L’Abruzzo vanta un primato importante perché è proprio nel Parco nazionale d’Abruzzo, Lazio e Molise che nel 1973 fu applicato per la prima volta in Europa un radiocollare a un lupo per permettere di seguirne gli spostamenti. Da quell’anno il corpo di informazioni è cresciuto notevolmente riuscendo a disegnare un quadro abbastanza completo della vita del lupo nei nostri ambienti. Un esempio è quello di un giovane lupo maschio che si è spostato in pochi mesi dall’Appennino emiliano fino all’entroterra di Nizza in Francia per poi tornare in provincia di Cuneo, dove è morto per cause sconosciute ma probabilmente legate ad uno scontro territoriale.
In una popolazione naturale di lupi, priva quindi della mortalità causata dall’uomo, gli scontri diretti con lupi avversari sono la prima causa di morte. Si legge e si tramanda la leggenda che vorrebbe il lupo un animale incline a non uccidere mai il suo avversario e che, se si vede perso, si sdraia sul dorso e offre la gola all’altro, il quale sarebbe così inibito dall’infierire sul vinto. E’ una situazione che si verifica a livello di gerarchia all’interno del branco, mentre in uno scontro territoriale la posta in gioco è alta, è il territorio, la sopravvivenza, quindi lo scontro è spesso mortale.
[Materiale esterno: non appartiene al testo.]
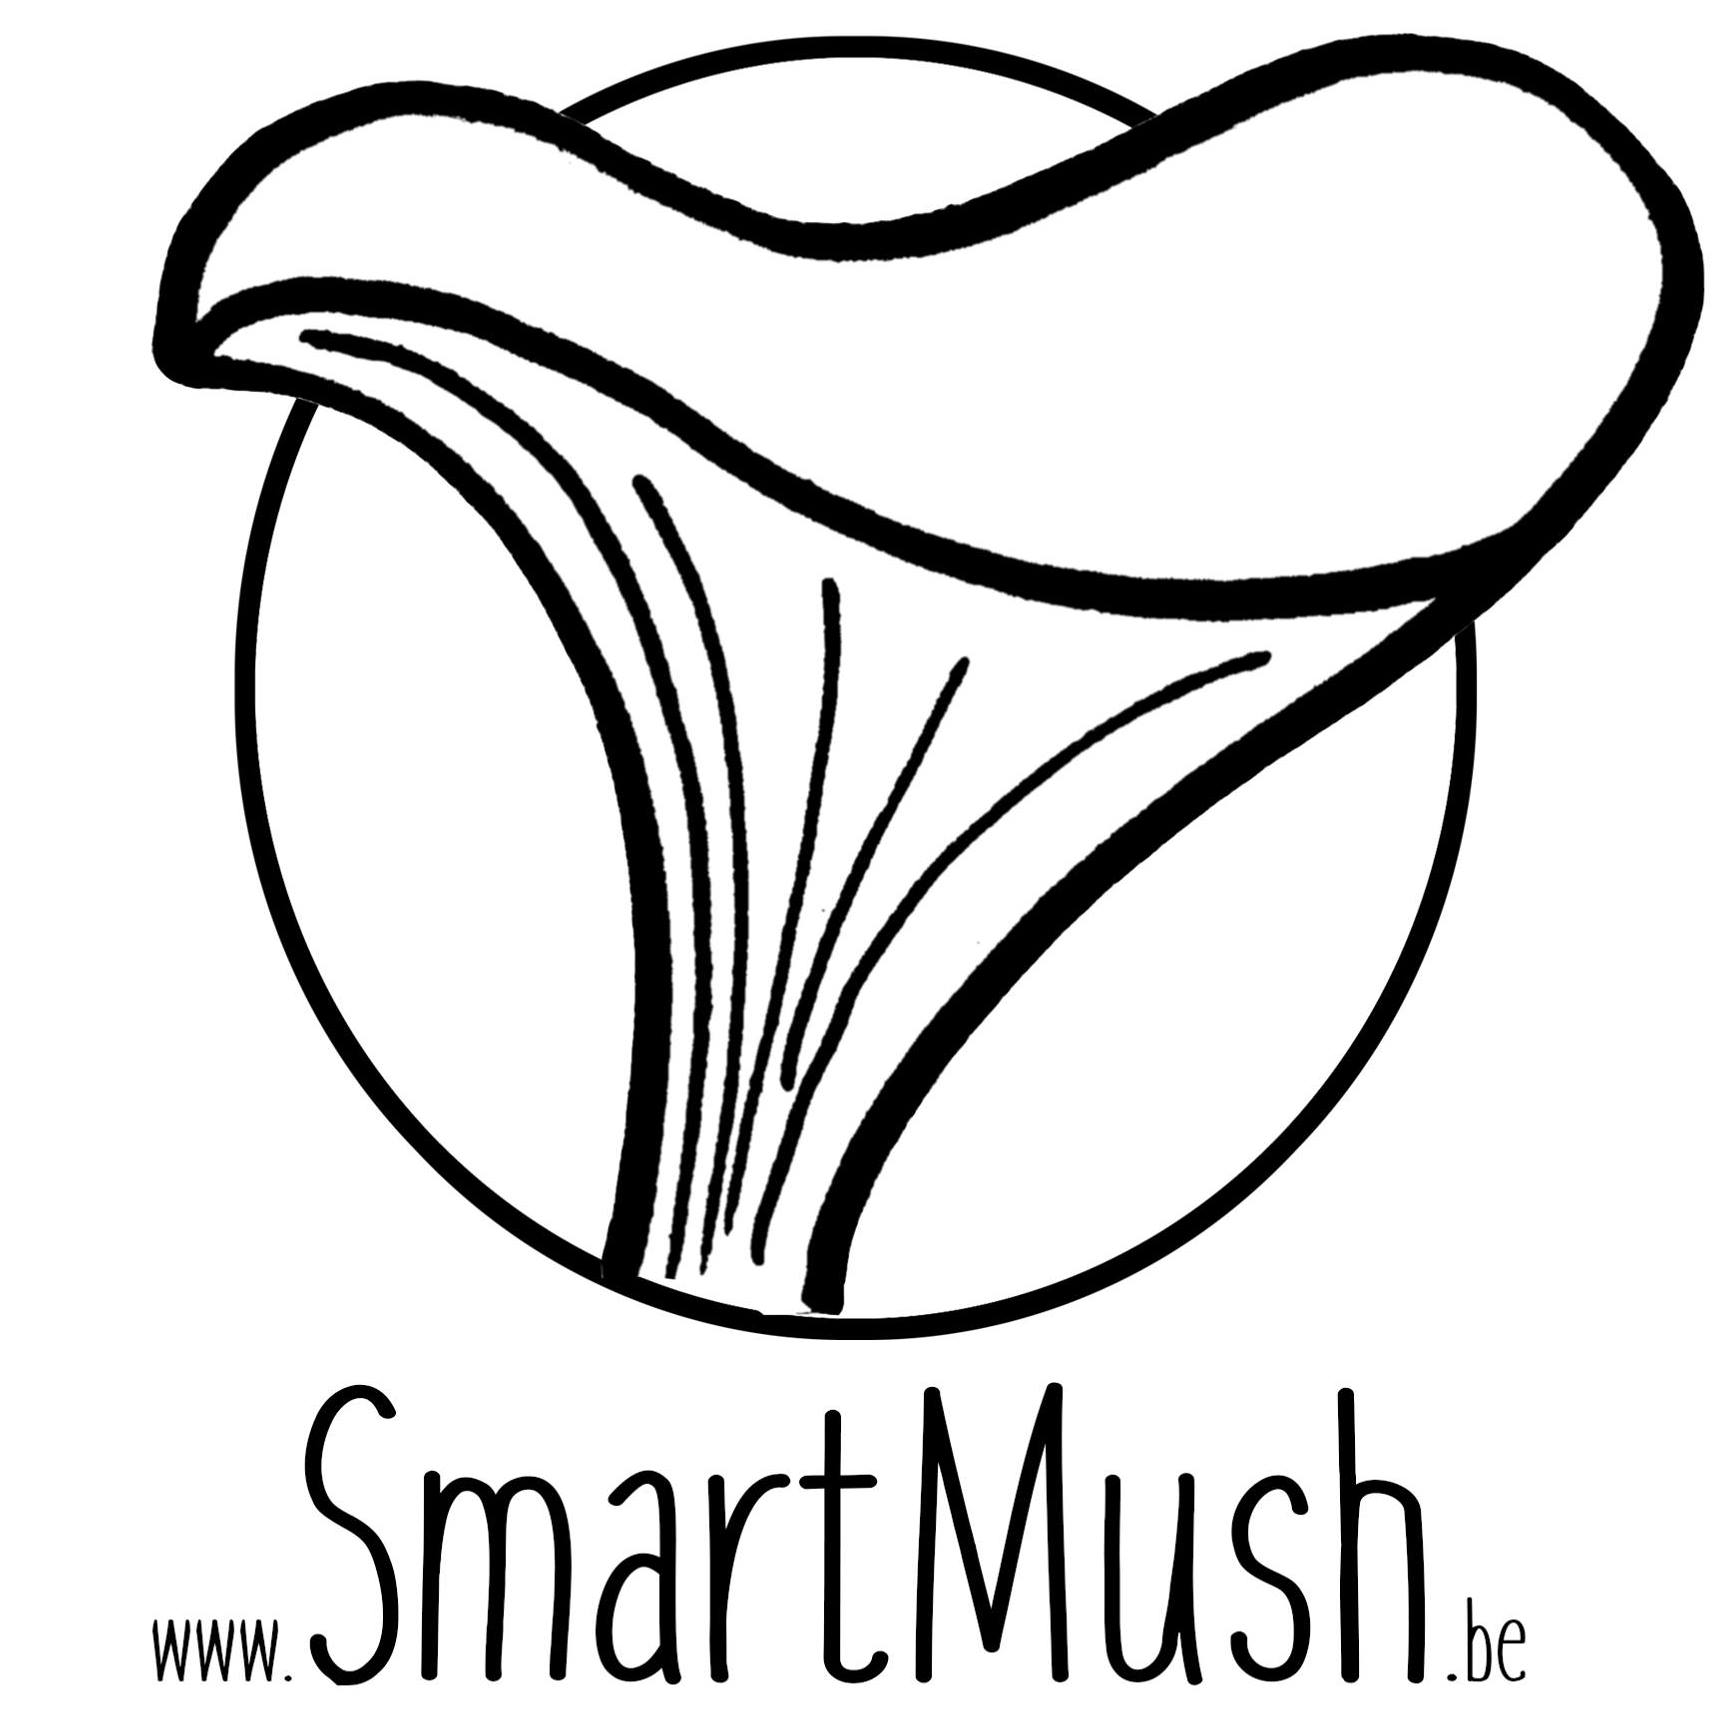 Les Champignons SmartMush

In Abruzzo si narra che i lupi stiano normalmente sulle montagne e che solo d’inverno, quando fa freddo e nevica, scendano a valle per avvicinarsi ai paesi. Nulla di più falso: infatti il lupo è sempre vicino a noi, ma solo d’inverno, vedendo le tracce sulla neve, ci accorgiamo della sua presenza. Il lupo si muove con estrema cautela attraverso il paesaggio creato dall’uomo. Molte volte in Abruzzo è stato seguito un lupo con il radiocollare che di notte attendeva che il paese andasse a dormire per poi attraversarlo. Non esiste, quindi, parte dell’Abruzzo che non sia interessata dalla presenza del lupo; forse l’unica eccezione è la fascia costiera.
E’ pur vero, però, che il lupo compie veri e propri disastri , capaci di mettere in crisi gli allevatori. L’ecologia alimentare del lupo in Abruzzo rispecchia la flessibiltà della specie. Quando negli anni ’70 iniziarono le prime ricerche, risultò che il lupo si nutriva principalmente di rifiuti urbani che trovava in grande quantità alla periferia di un paese di montagna in discariche aperte piene di ogni risorsa, inclusi gli scarti dei macelli. Buona parte dell’alimentazione era costituita da pecore ma , in quegli anni, non esistevano le ricche popolazioni di ungulati selvatici che oggi popolano l’Abruzzo. Oggi la dieta del lupo si basa quasi esclusivamente su cinghiali, caprioli e cervi.
Una minaccia alla sopravvivenza del lupo è quella dell’incrocio con il cane che porta alla formazione di un ibrido che non è più il lupo dell’Appennino e neppure il cane compagno dell’uomo. In Abruzzo è facile vedere cani soli o in gruppetto che vivono indisturbati nelle vie dei paesi, pronti, appena arriva l’occasione di una femmina in calore , ad allontanarsi dai paesi per entrare più in contatto con l’ambiente selvatico.
Abbiamo condannato il lupo non per quello che è, ma per quello che abbiamo deliberatamente ed erroneamente percepito che fosse – l’immagine mitizzata di uno spietato assassino selvaggio -. Che, in realtà, non è altro che l’immagine riflessa di noi stessi.